Play list, play lists, and play lists!!! New boats have the aux; you can use an auxiliary cable connection you can purchase a cord from amazon for about $5-­7 they connect straight into everyone’s phone or MP3. Older boats only have cd players. Our boat was a 2011 model, we had the aux connection, (note: 2011 standard does not include air conditioning.)

Flags and lights: Country flags, State Flags, University Flags, whatever.YACHT WEEK 2

Battery powered Christmas lights, they make finding your boat a breeze from the shuttle boats when you’re drunk and its dark.

Enough alcohol for a small army, mixers and don’t forget beer and a lot bottled water; enough said.

 YACHT WEEK 7

It’s the little things: We brought out the body paint and it was an instant hit, glow sticks are also fun, be creative!

 

Don’t even think about it:

High heels, pants, running shoes and work out clothing (no you won’t use them, seriously), laptop.

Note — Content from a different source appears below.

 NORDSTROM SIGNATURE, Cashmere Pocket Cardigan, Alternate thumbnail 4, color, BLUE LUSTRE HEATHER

Keep in mind you’re on a boat and your drinking, things get lost easy. Be prepared, someone will sacrifice something to the water. In our boats case it was an Iphone, buy a buoy buddy and every other phone protection device. I also recommend taking knock off sunglasses, you can purchase fake Ray Bands in an assortment of fun colors pretty much everywhere in the world.

 

The Parties:

This is where they lost me. The parties are fun, but def drink before you go! I have traveled in Croatia before and drinks are relatively cheap, compared to the rest of Europe. Not so the case at Yacht week parties, at least in NYC when bars rape you with drink prices the drink actually tastes good and is strong. The transportation to and from the marina or your boat is also usually double the cost you would pay as a normal tourist. That said the Fort Party is pretty amazing, how often do you party in a fort? There is a piano player who can play any song ever created and this point I had learned just buy beer or a shot. Also pack a flask, they never checked.

As for the other parties I could take them or leave them, they are okay if you have never been to Thailand.

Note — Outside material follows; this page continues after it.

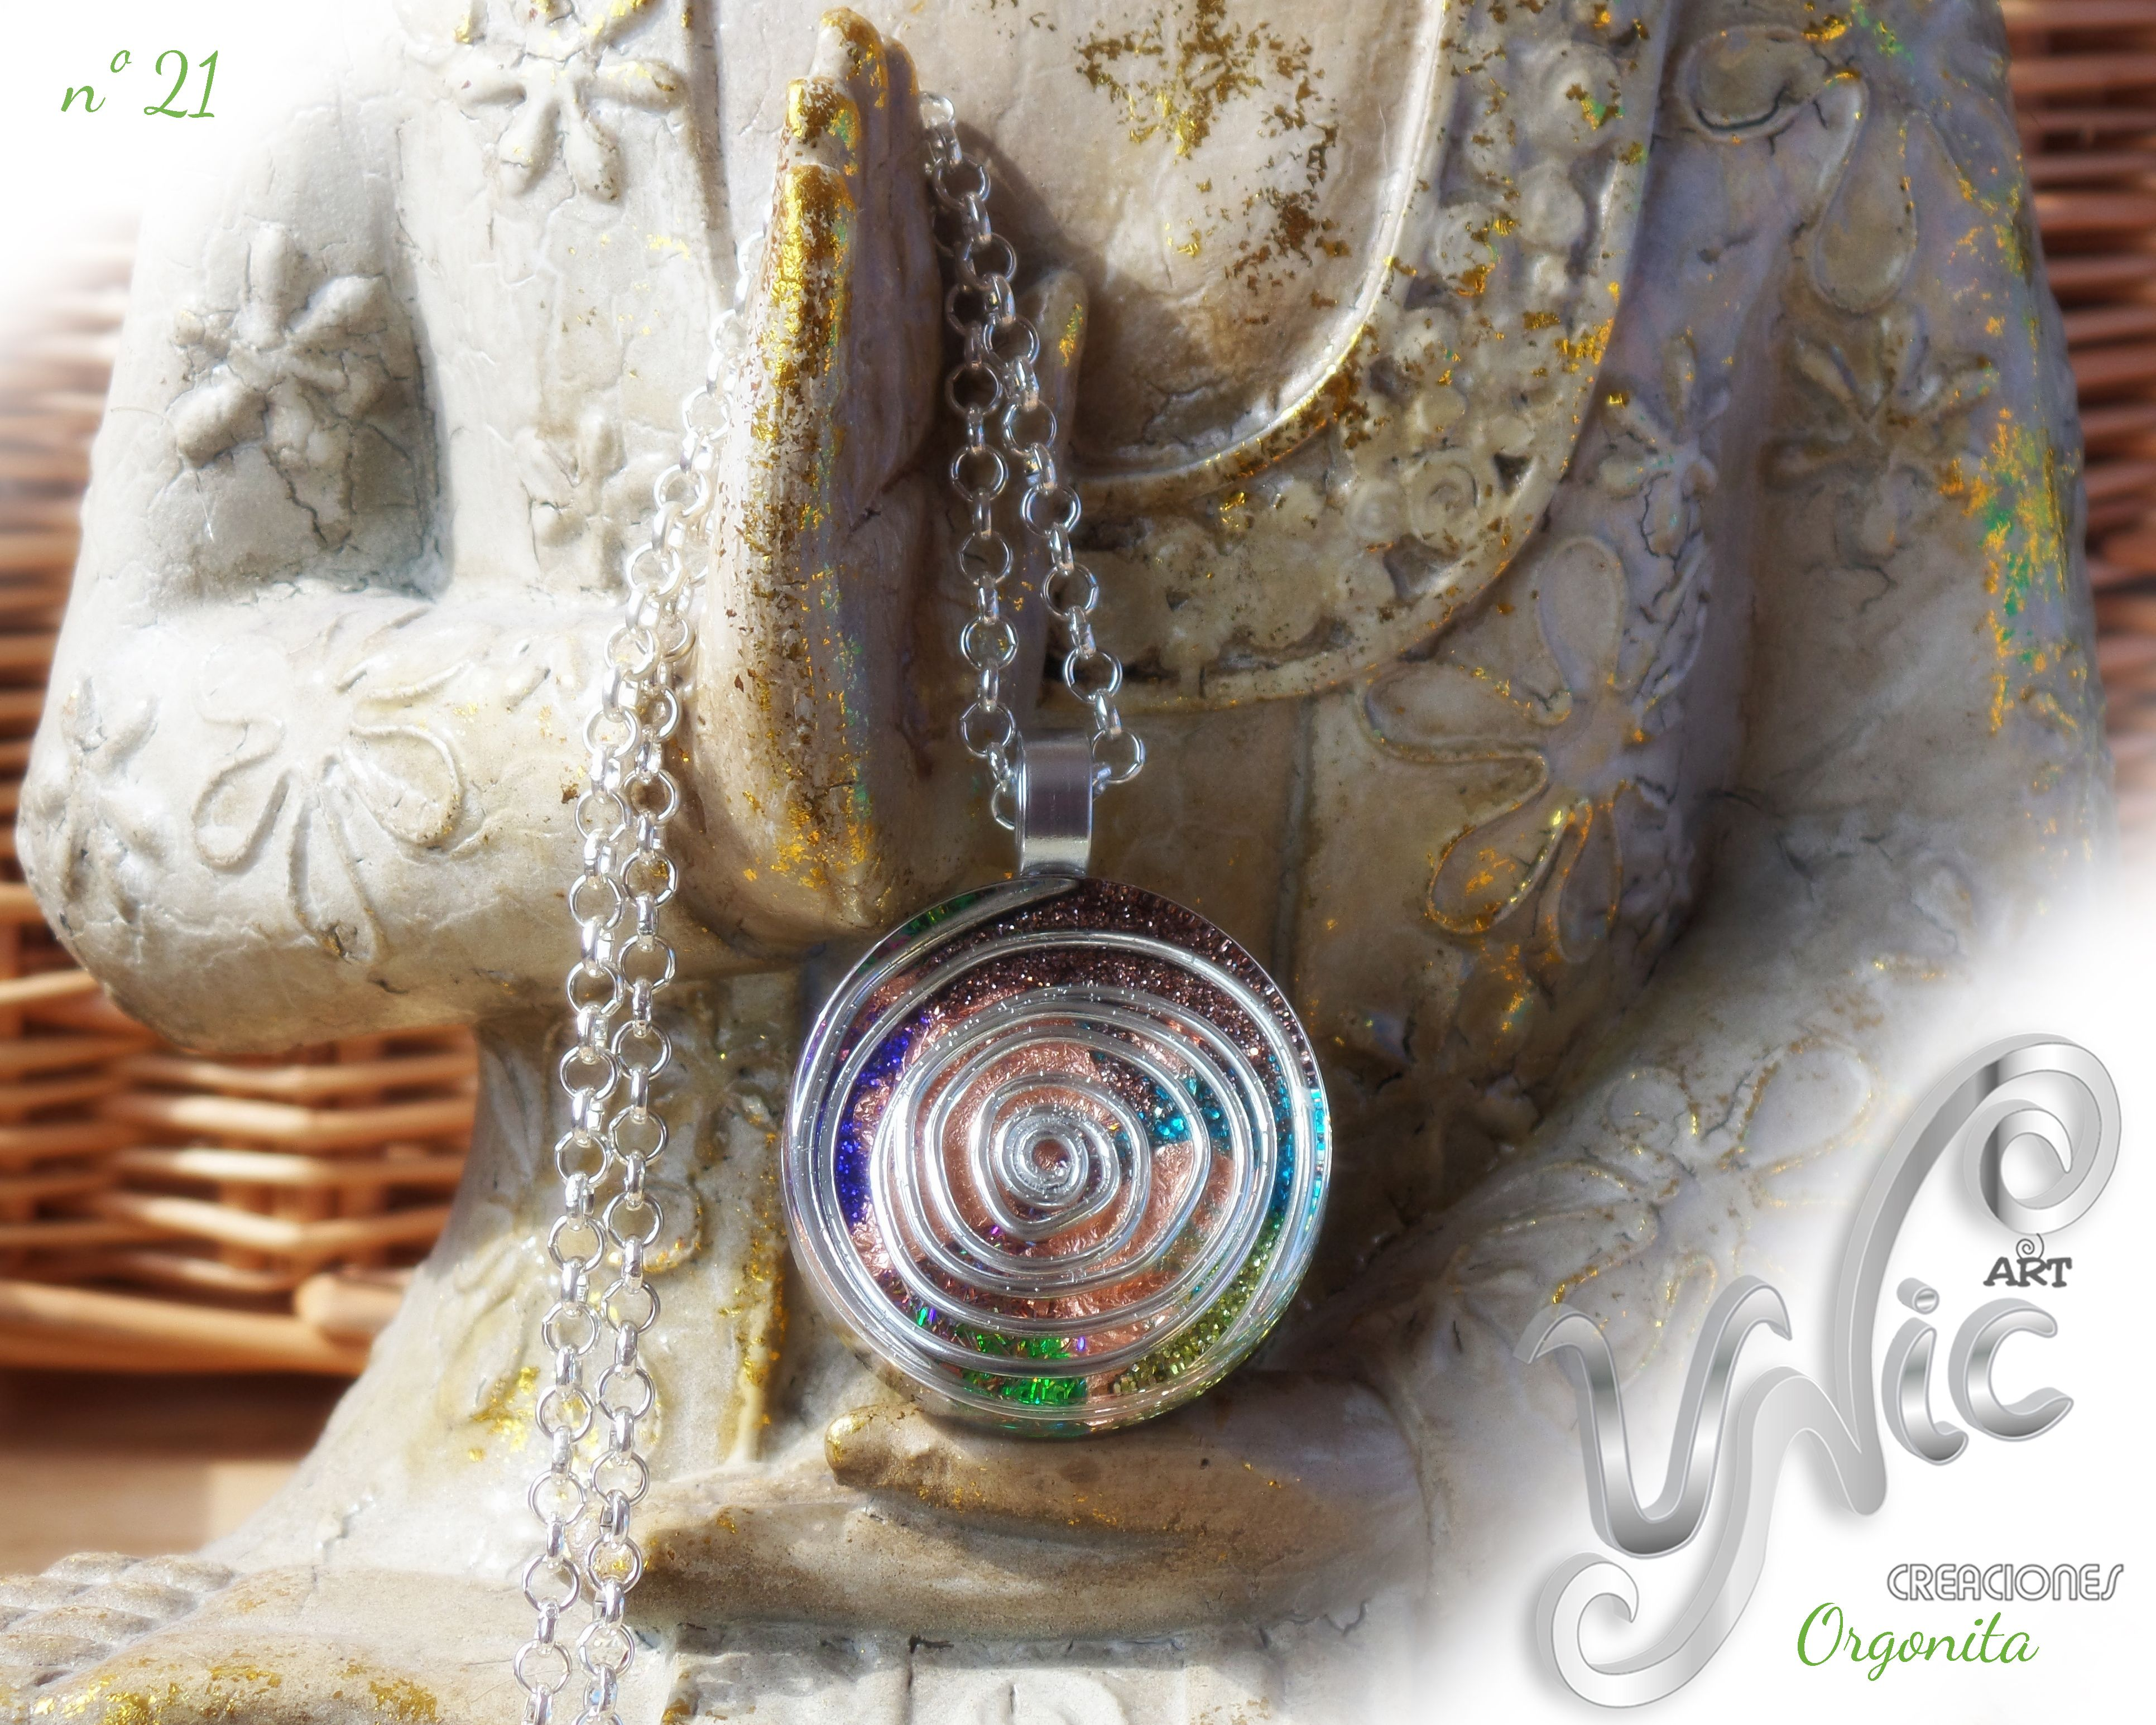 Orgonita nº 21  #orgonependant #orgonejewelry #orgoneenergy #etsyseller #etsygifts #resinjewelry #orgonit #orgonita #energypendant #handmadejewelry #reikijewelry #spiralpendant

Everything said, I had fun at The Yacht Week and had an experience I will never forget. I’m glad I went and experienced the week. My review is not meant to bash the week or steer people from the fun, yet to paint a honest picture of the week from someone who was not paid to go, cough cough.

Would I change that I went to The Yacht Week in Croatia, absolutely not! I would however change the way I approach Yacht Week had I known what I know now. I hope this gives prospective travelers a true insight of this week . You are not that fancy, this is not really Croatia and you will spend a ton of money. That said, I would rather be sitting on that boat with a cold Ozujsko beer laughing with my friends than this dumb airplane, going to work. And you seriously won’t work out so don’t bother with the shoes!!!